Your music library is a security and privacy risk on iOS

UPDATE: Thanks to my raising this privacy concern, Apple have resolved this issue as of iOS 10. I’ve left the old post below for posterity.

Over the years Apple has put a lot of effort into making iOS secure and privacy focussed. You are prompted with dialogue boxes whenever an app tries to access your contacts, calendars, photos, or location and you need to confirm that you want to receive notifications. However, whilst developing Music Tracker1 I discovered that there is no privacy prompt when a developer tries to access your library. In fact, they can access all of your music data as simply as this:

let query = MPMediaQuery.songsQuery()
if let items = query.items {
    for item in items {
    	NSLog("Title: \(item.title)")
    }
}

That’s just a basic example that’ll output the title of every song in your library but there is a lot of danger in that. This process happens completely silently and in my tests I was able to loop through a library of 10000 songs, put all the metadata in a JSON file2, and upload it to a server in under 2 seconds!
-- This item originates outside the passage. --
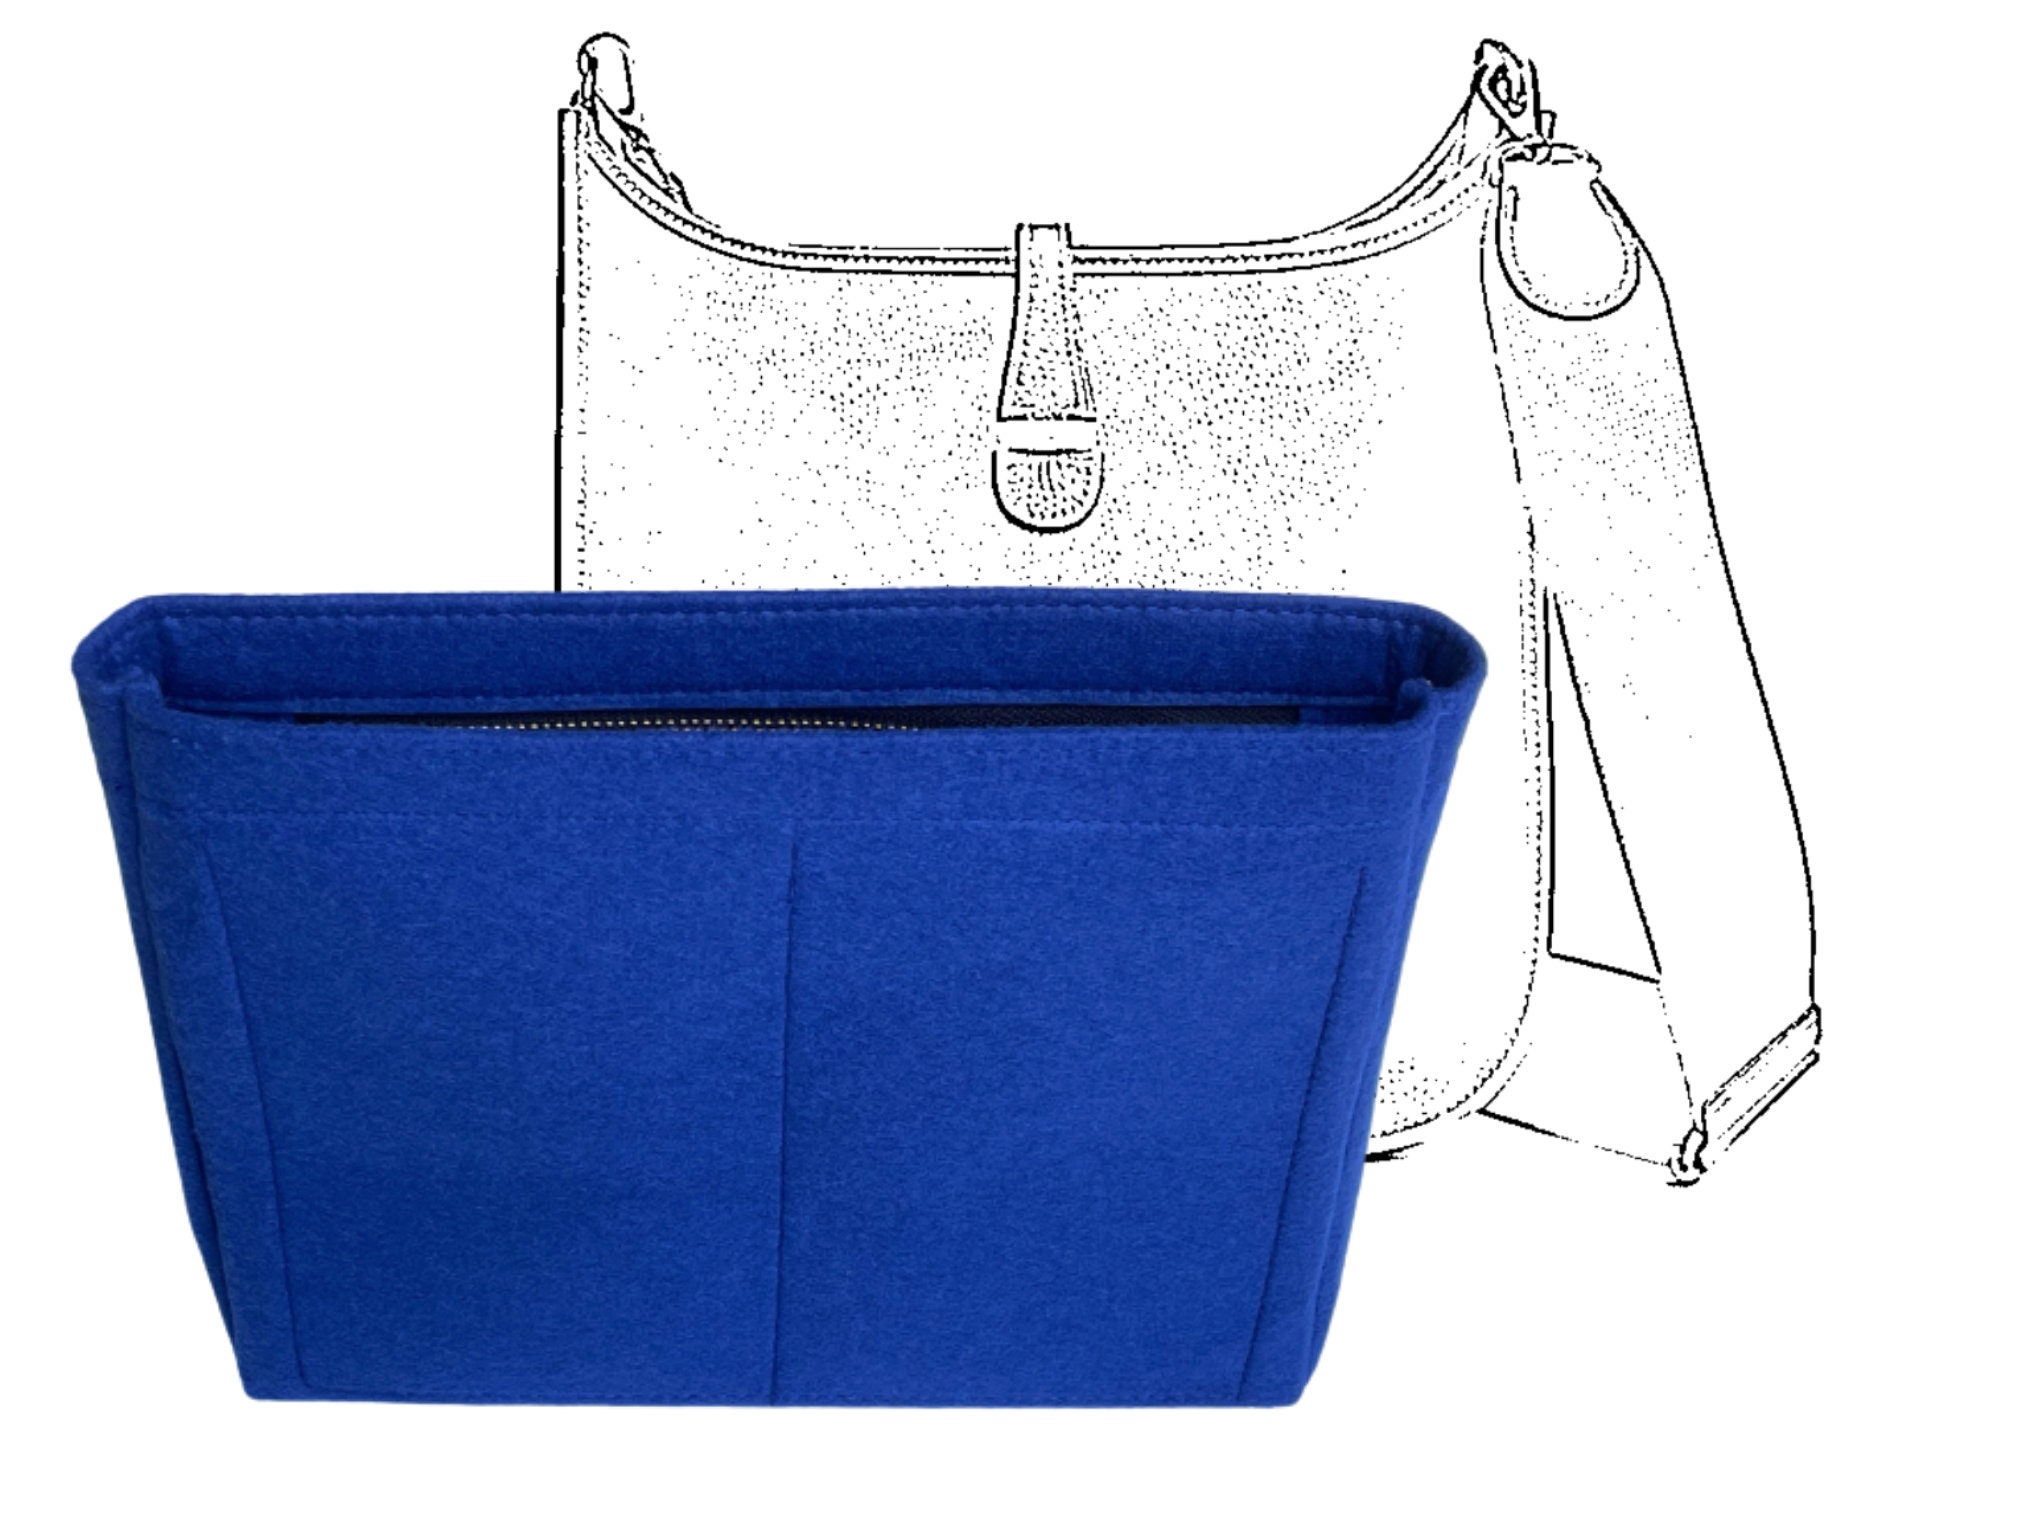 For [KIRIGAMI POCHETTE Spring Collection] (3-in-1 pouch) Felt Insert  Organizer with Shoulder Strap Chain Covert to Crossbody Bag - JennyKrafts

But why is this a security or privacy risk? Off the top of my head, I can think of two massive risks:

  1. Your library says a lot about you3. If an advertising company was able to get a complete list of your music library (along with changes to it over time) then they could very easily target you with specific ads. Added a lot of Taylor Swift recently? Here are some ads relevant to that.

  2. When iOS first came out there was something called a UDID which basically identified your device uniquely. This was used by marketers to track you across multiple apps and build up a profile. This was stopped by Apple a few years back and replaced with an advertising identifier which you can turn off and which can only be used between apps from the same company (where they are probably already tracking you). However, with a full music library, it would be fairly easy to track someone across multiple apps as periodic snapshots could be compared on a server.

I’ve no idea if apps are already doing this in the background silently but it is something that shouldn’t be able to happen. To that end, I’ve filed a bug report with Apple (rdar://24168798) to ask that they implement the same privacy controls that they do for contacts, calendars, photos, and location; a prompt when an app tries to access this data and the ability to grant or reject that permission through the system wide settings. Hopefully this is something Apple will implement in iOS 10 – if you’d like to see this happen, please duplicate bug 24168798 in the Apple Bug Reporter as that is the best way to bring it to their attention.

Update, 20th Jan 2016: A few people have pointed out that the first beta of iOS 9.3 does have a new privacy setting for “Media Library”. However, this does not stop the above line of code and read-only access to your library; instead, it is part of a new feature that allows for apps to add songs to your iCloud Music Library but requires your permission to do so. Apps that use the MPMediaQuery above won’t even appear in the Media Library permissions page to disable so this is not the solution some think it is.

Update, 23rd Feb 2016: Several articles are now linking to this and picking up on my comments about iOS 9.3 above and horribly misunderstanding what those new APIs do. I’ve published a new article detailing exactly what the new APIs in iOS 9.3 add to the music library (and what they don’t add). As of iOS 9.3 beta 4, there are no privacy controls on scanning your music library and it still works exactly as I’ve described above.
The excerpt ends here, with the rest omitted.